- _WHAT YOU HAVE TO DO_: Please give every line below again exactly, but not its pictures.

- _DATA SECTION_:

******

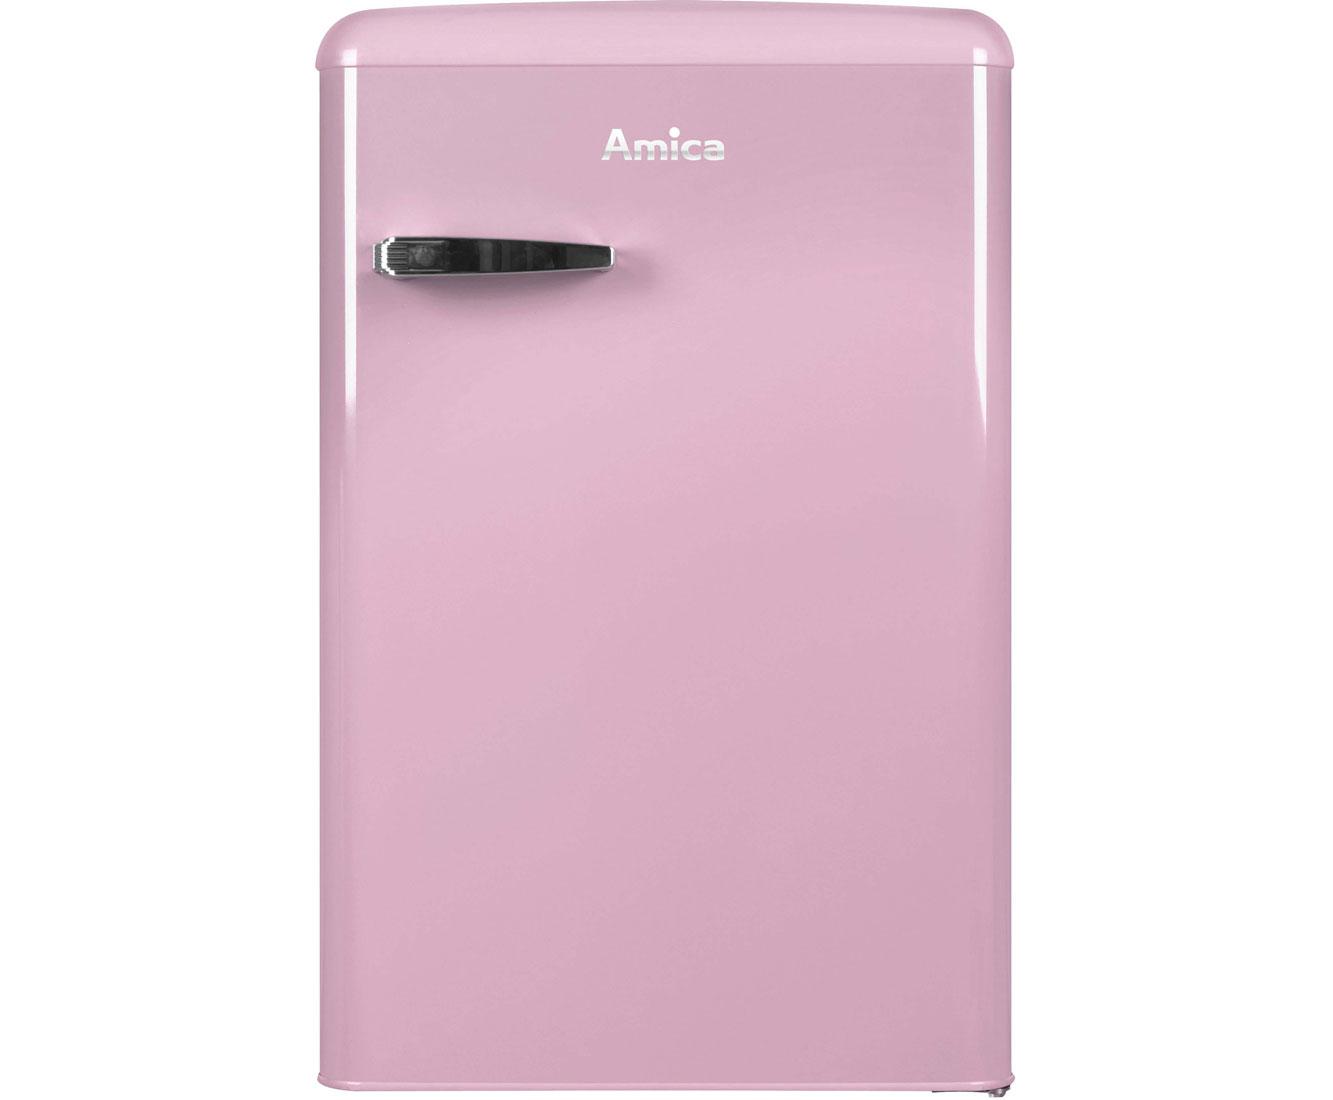 Retro Kühlschrank Notebooksbilliger : Pinker kühlschrank smeg fab28raz1 stand kühlschrank pastellblau
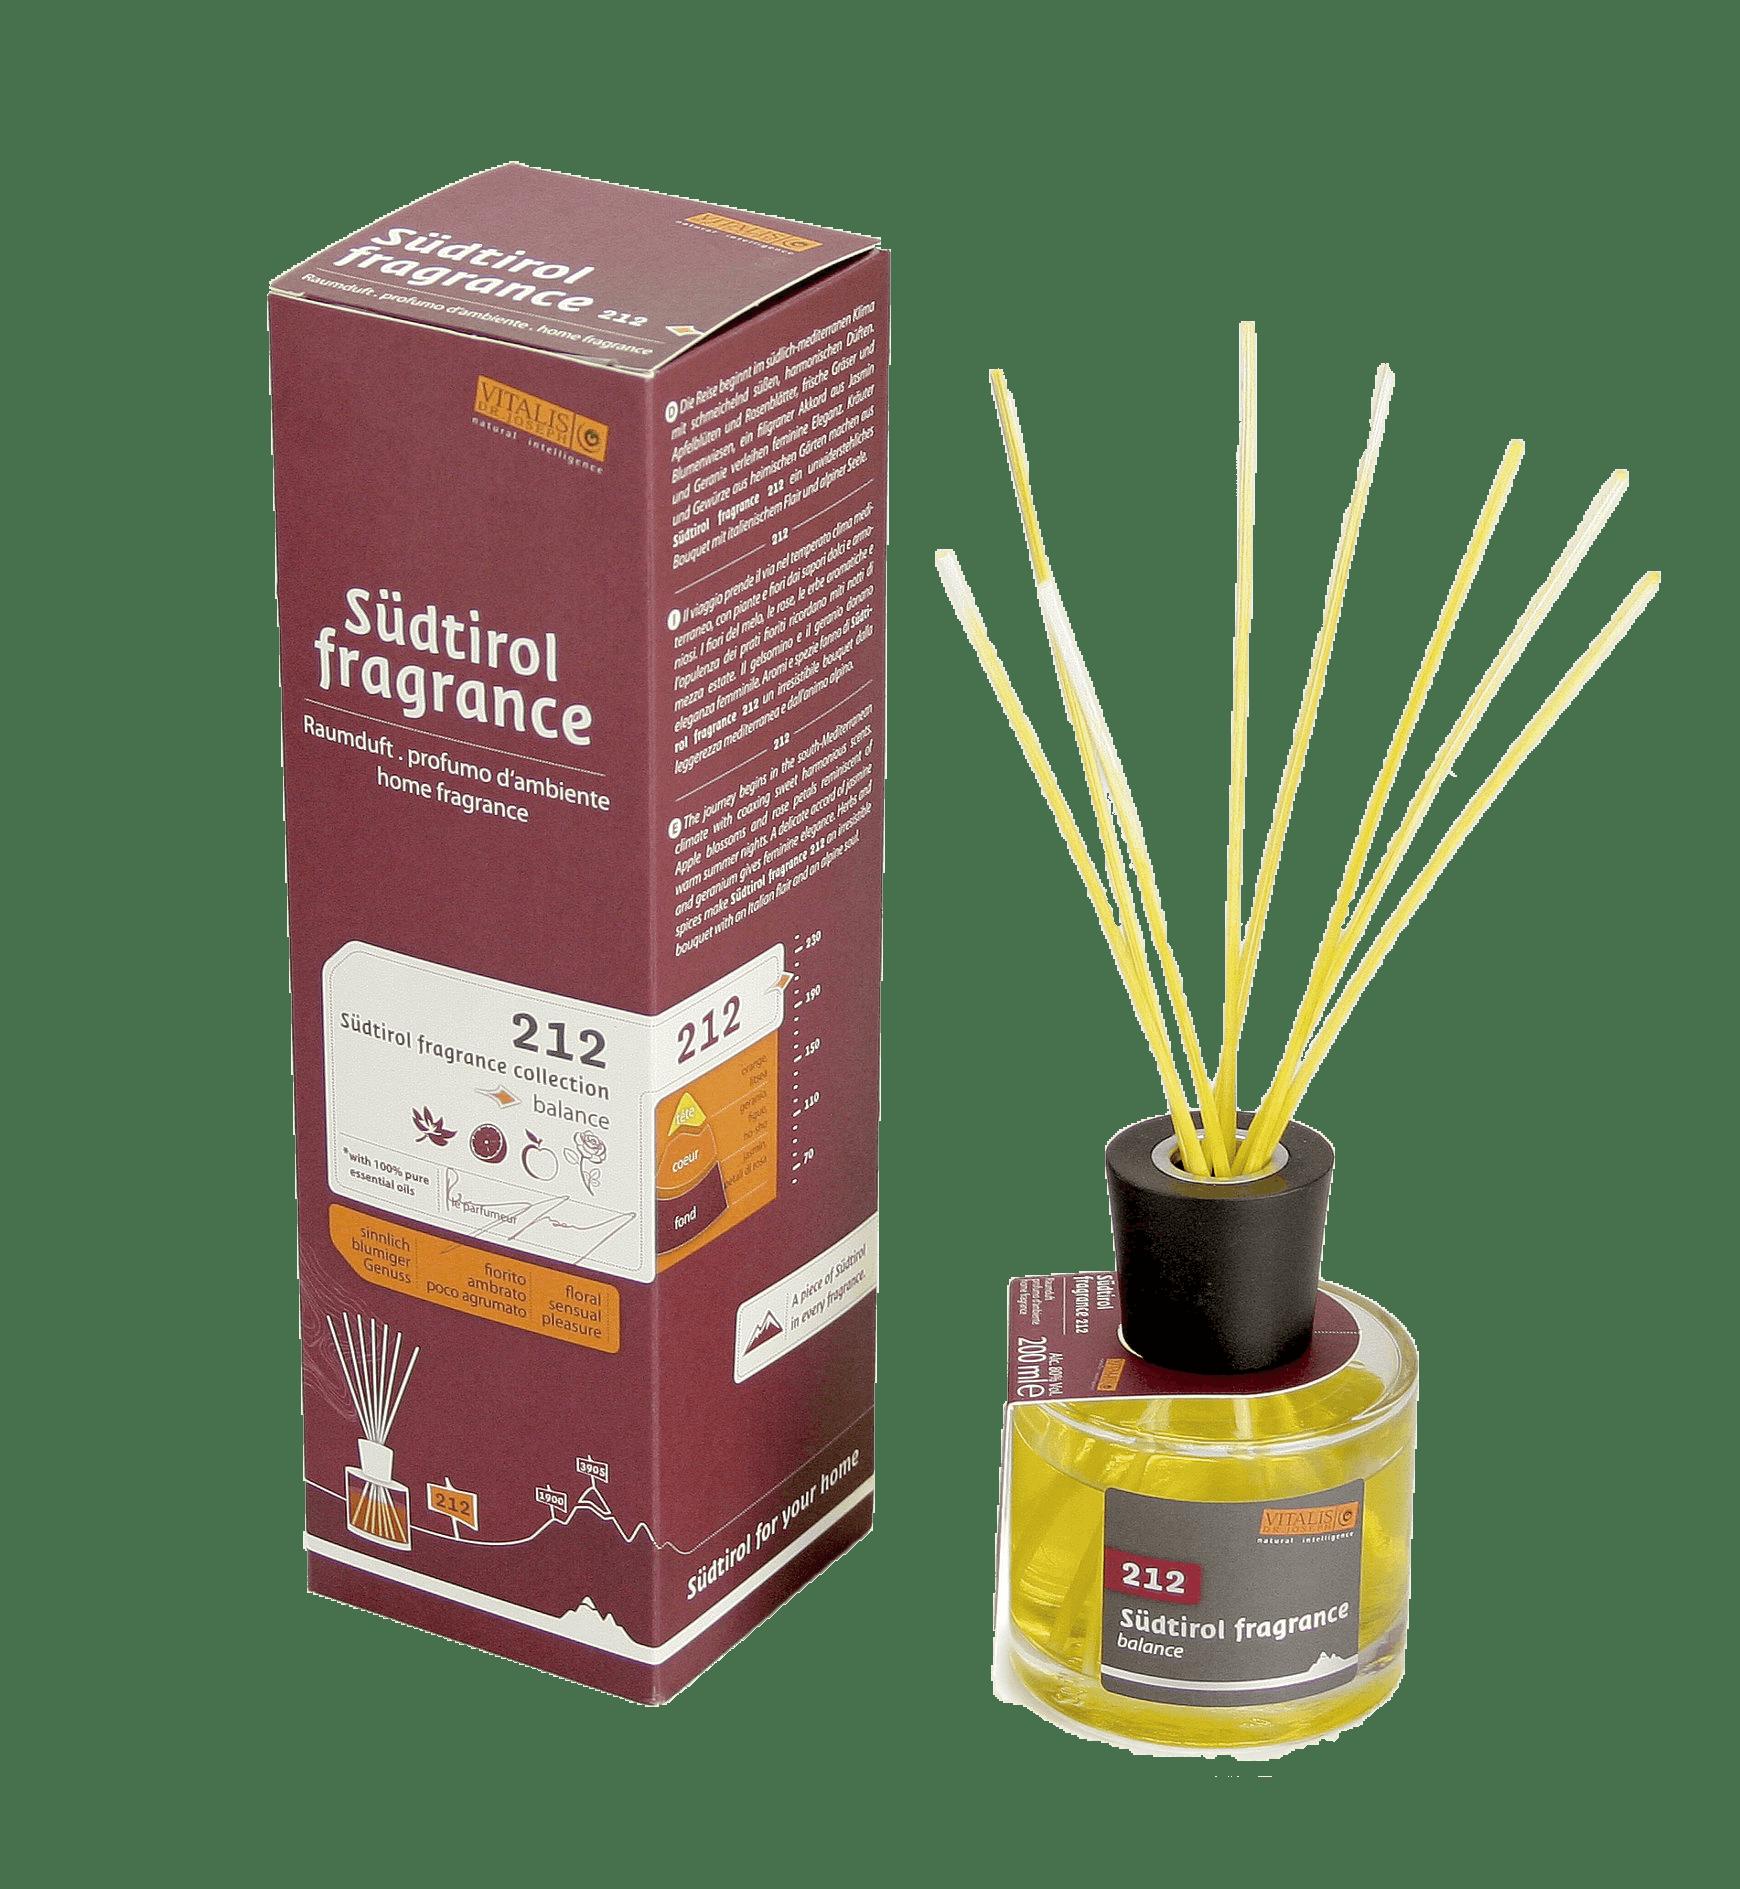 Vitalis Dr. Joseph Südtirol Fragrance 212 - profumo per ambienti naturale
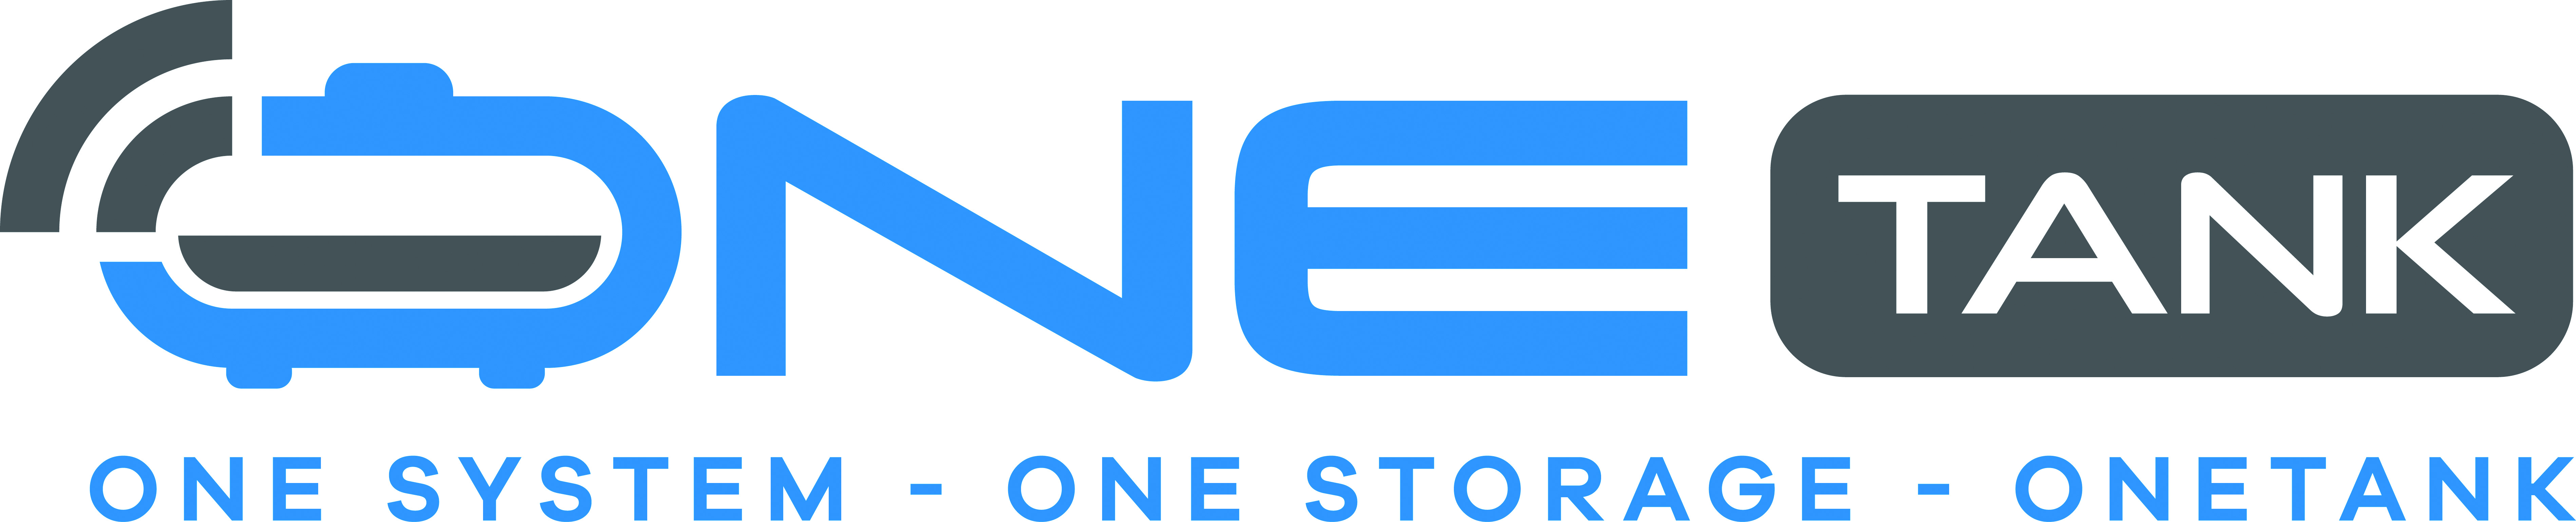 One-Tank logo

******

- _EXERCISE SOLUTION_:
 Retro Kühlschrank Notebooksbilliger : Pinker kühlschrank smeg fab28raz1 stand kühlschrank pastellblau
 Vitalis Dr. Joseph Südtirol Fragrance 212 - profumo per ambienti naturale
 One-Tank logo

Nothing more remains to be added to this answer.